Gibbs ar­gued that the del­uge of de­press­ing war doc­u­ments from Wik­iLeaks was old. But it re­flected one chill­ing fact: The Tal­iban has been get­ting bet­ter ev­ery year of the in­sur­gency. So why will 30,000 more troops help?

We in­vaded two coun­tries, and al­lied with a third — all renowned as masters at dou­ble-deal­ing. And, now lured into their mazes, we still don’t have the fog­gi­est idea, shrouded in the fog of wars, how these cul­tures work. Be­fore we went into Iraq and Afghanistan, both places were fa­mous for war­rior cul­tures. And, in­deed, their in­sur­gents are world class.

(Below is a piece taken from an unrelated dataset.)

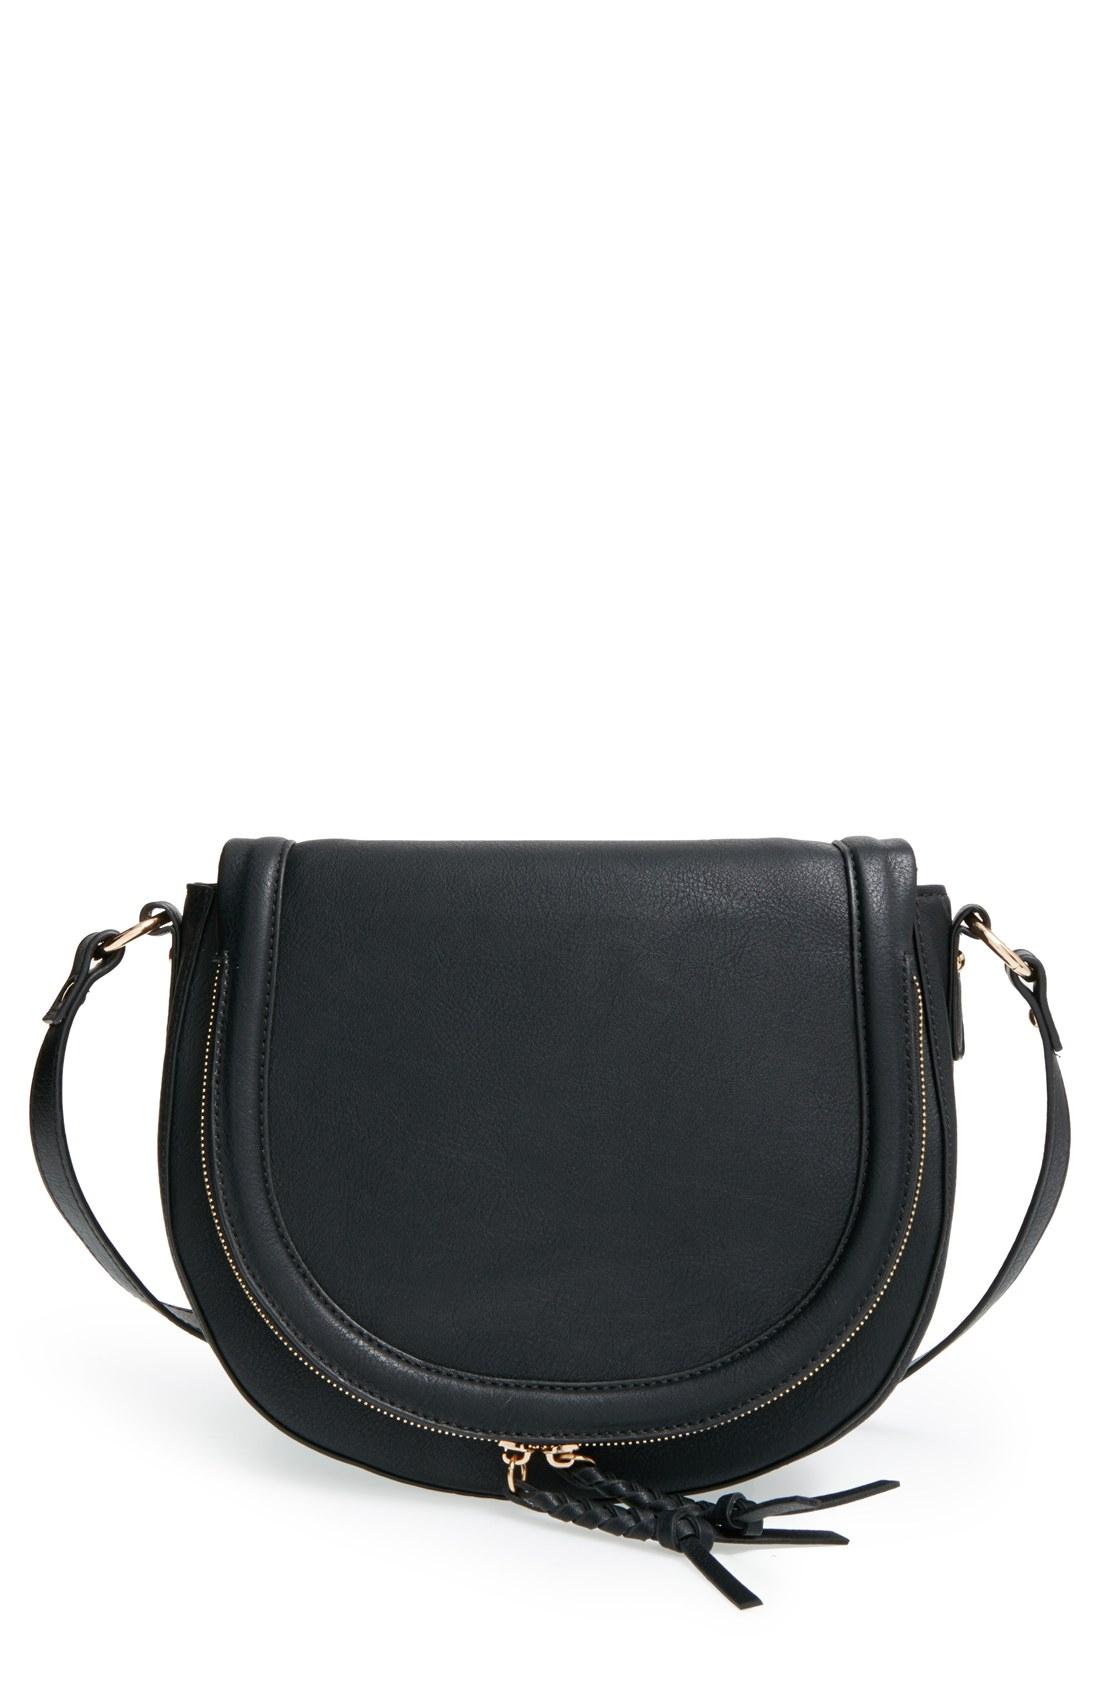 Sole Society  Thalia  Faux Leather Crossbody Bag  aec1d0043ee07
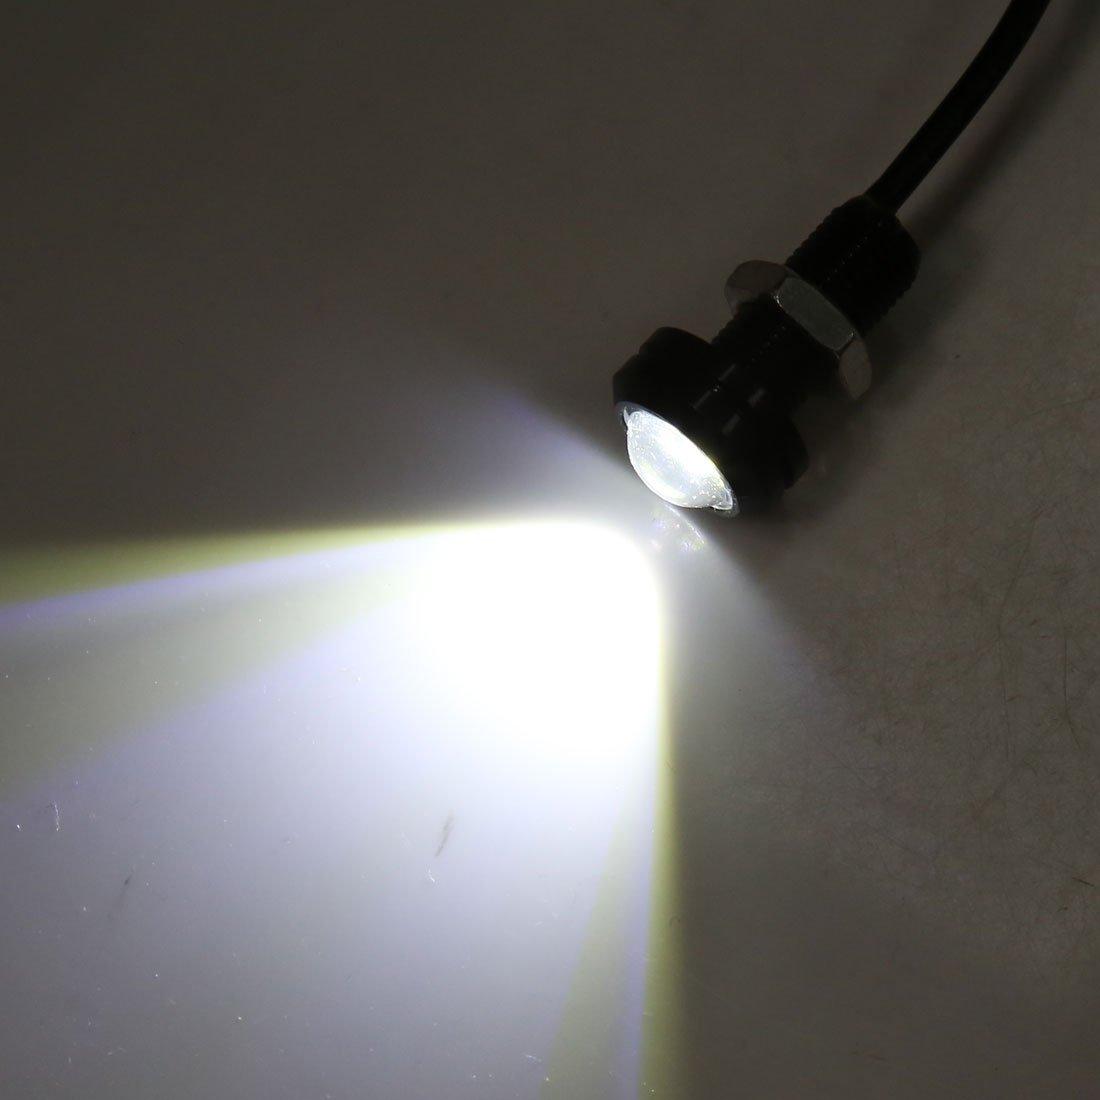 Amazon.com: eDealMax 12pcs Blanco 5630 SMD 2 LED DE 18 mm de Eagle Eye coche parachoques DRL luz de niebla de 12V 1.5W: Automotive

But when­ever Amer­ica tries to train se­cu­rity forces in Iraq and Afghanistan so that we can leave be­hind a some­what sta­ble coun­try, it’s pos­i­tively Sisyphean. It takes eons longer than our of­fi­cials pre­dict. The forces we train turn against us or go over to the other side or cut and run. If we give them a max­i­mum se­cu­rity prison, as we re­cently did in Iraq, mak­ing a big show of hand­ing over the key, the im­pris­oned al Qaeda mil­i­tants are sud­denly al­lowed to es­cape.

The Bri­tish Em­pire prided it­self on dis­cov­er­ing war­rior races in places it con­quered — Gurkhas, Sikhs, Pathans, as the Brits called Pash­tuns. But why are they war­rior cul­tures only un­til we need them to be war­riors on our side? Then they’re un­train­able, even when we spend $25 bil­lion on build­ing up the Afghan mil­i­tary and the Na­tional Po­lice Force, dubbed “the gang that couldn’t shoot straight” by Newsweek.

Maybe we just can’t train them to fight against each other. But why can’t coun­tries that pro­duce fierce in­sur­gen­cies pro­duce good-stand­ing armies in a rea­son­able amount of time? Is it just that in­sur­gen­cies can be more in­dis­crim­i­nate?

Things are so bad that Robert Black­will, who was on W.’s na­tional se­cu­rity team, wrote in Politico that the Obama ad­min­is­tra­tion should just ad­mit fail­ure and turn over the Pash­tun South to the Tal­iban since it will in­evitably con­trol it any­way

We keep hear­ing that the past decade of war, where we pour in gazil­lions to build up Iraq and Afghanistan even as our own econ­omy sput­ters, has weak­ened al Qaeda.

But at his con­fir­ma­tion hear­ing Tues­day be­fore the Se­nate Armed Ser­vices Com­mit­tee, Gen. James Mat­tis, who is slated to re­place Gen. David Pe­traus, warned that al Qaeda and its de­mon spawn rep­re­sent a stark dan­ger all over the Mid­dle East and Cen­tral Asia.

While we’re an­chored in Afghanistan, the al Qaeda net­work could roil Ye­men “to the break­ing point,” as Mat­tis put it.

Pak­istan’s tribal ar­eas “re­main the great­est dan­ger as these are strate­gic footholds for al Qaeda and its se­nior lead­ers, in­clud­ing Osama bin Laden and Ay­man al-Zawahiri,” the blunt four-star gen­eral wrote, adding that they “re­main key to ex­trem­ists’ ef­forts to rally Mus­lim re­sis­tance world­wide.”

Mat­tis told John McCain that we’re not leav­ing Afghanistan; we’re start­ing “a process of tran­si­tion to the Afghan forces.”

Dur­ing the de­bate over war funds, Rep. James McGovern, D-Mass., warned that we are in a mon­strous maze with­out the ball of string to find our way out.

“All of the puz­zle has been put to­gether, and it is not a pretty pic­ture,” he said. “Things are re­ally ugly over there.”